Chicago Mayor Richard Daley and former Olympic diving champion Greg Louganis met them at that site.

From there they went to the McCormick Place convention center, which would be the site of 11 Olympic and eight Paralympic events.

The huge lakefront facility would also be the international broadcast center.

Chicago 2016 organizers said they wanted to show how close thev enues would be to each other, as well as to Chicago's other cultural attractions. They said 90 percent of the athletes would be able to train and compete within 15 minutes of the Olympic Village.

Sunday's circuit from Monroe Harbor, where some of the rowing events would take place, past Soldier Field (soccer) and on to McCormick Place was designed to drive home that point.

Later, as the sun peeked briefly through threatening clouds, the delegation visited Washington Park on the South Side, where the main Olympic Stadium would be built.
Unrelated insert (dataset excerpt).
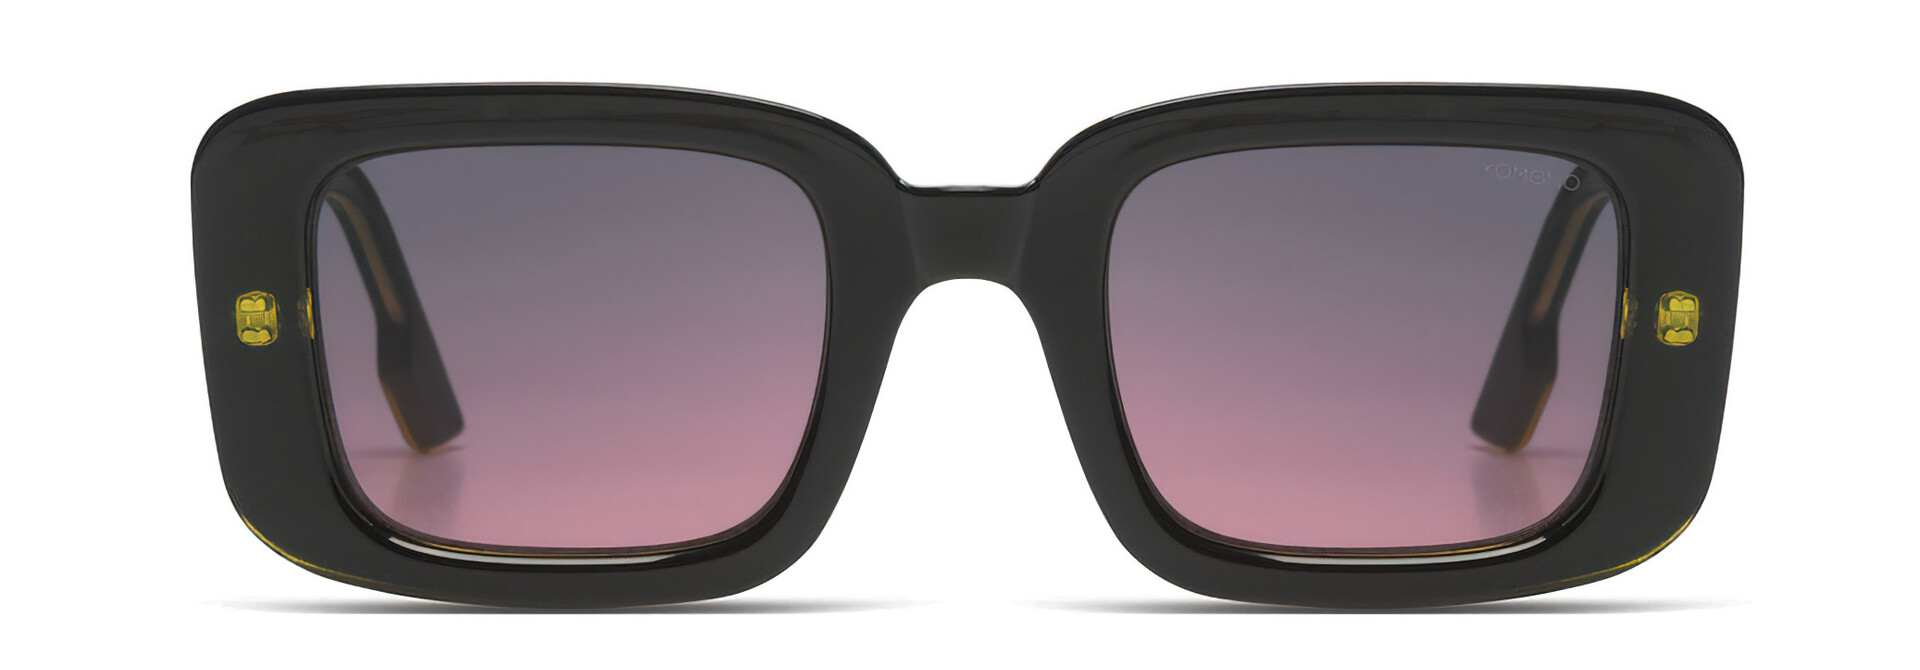 ♣ Avery Matrix Sunglasses
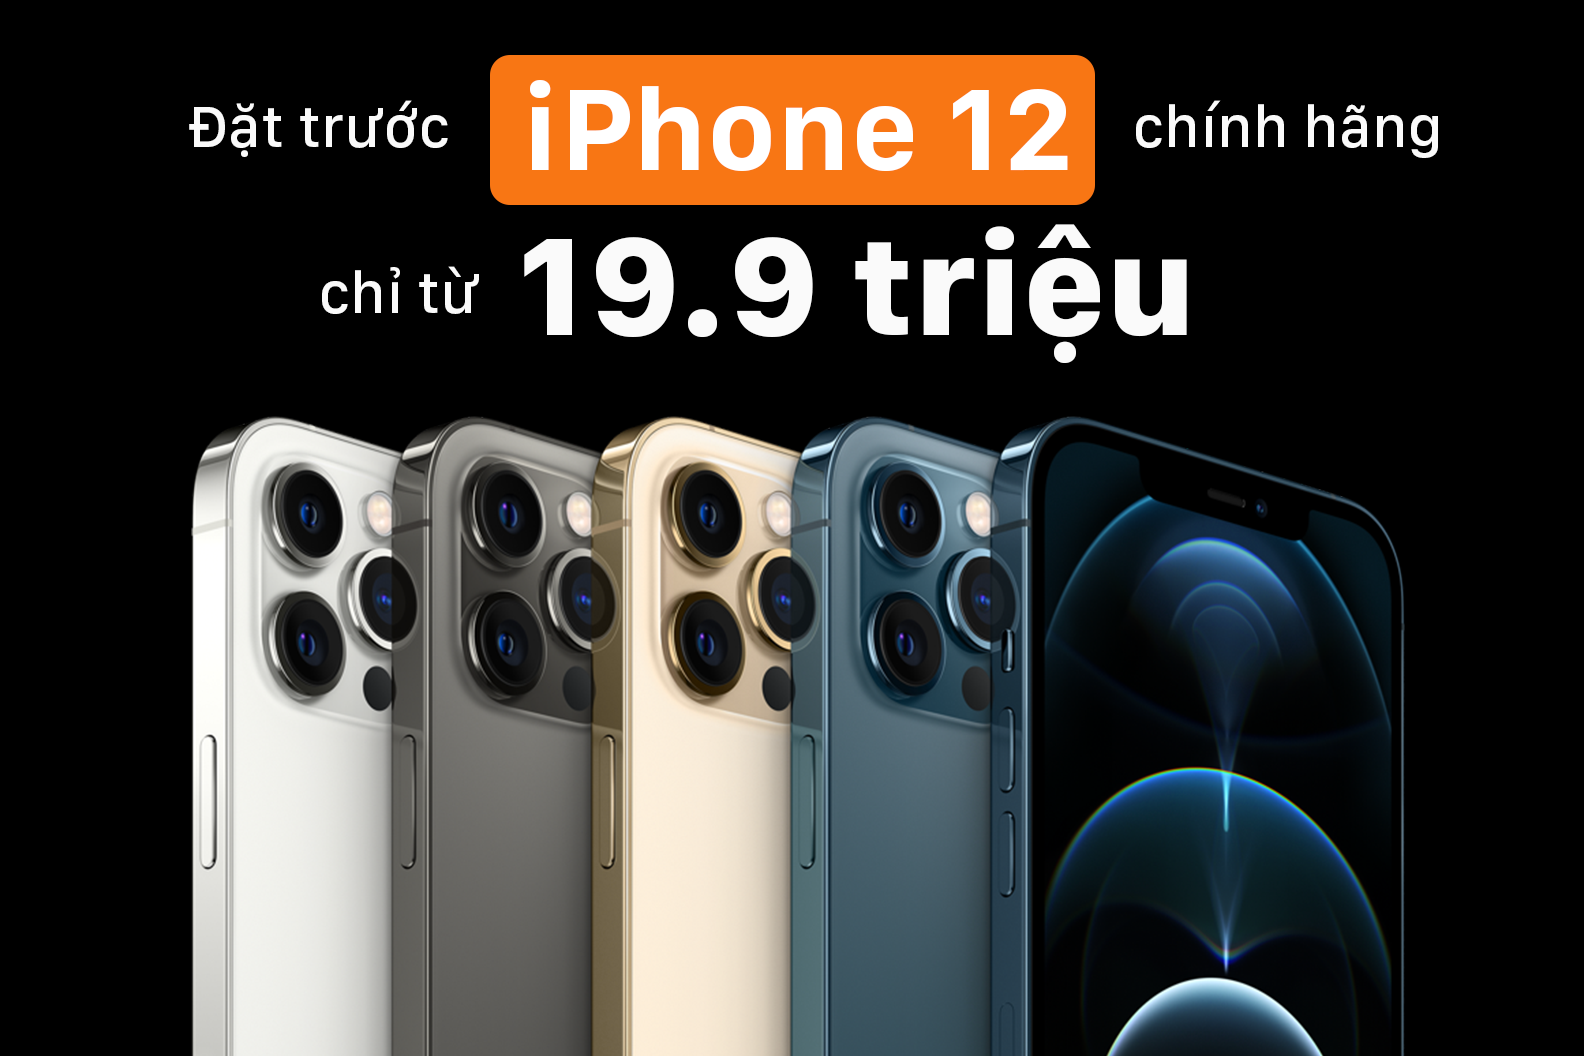 Đặt trước iPhone 12 Series giá sốc chỉ từ 19.9 triệu | Hỗ trợ trả góp 0% và thu cũ đổi mới

To show the outline of the proposed stadium, 205 volunteers held up flags for each of the Olympic nations around its perimeter.

Although demonstrators opposed to the games had threatened to set up a tent city of the homeless in Washington Park to coincide with the visit, no tents were visible from where the IOC members stood.

By the end of the day, the IOC will have stopped at 12 Olympic sites, including the northernmost venue -- the proposed site of the tennis stadium in Lincoln Park.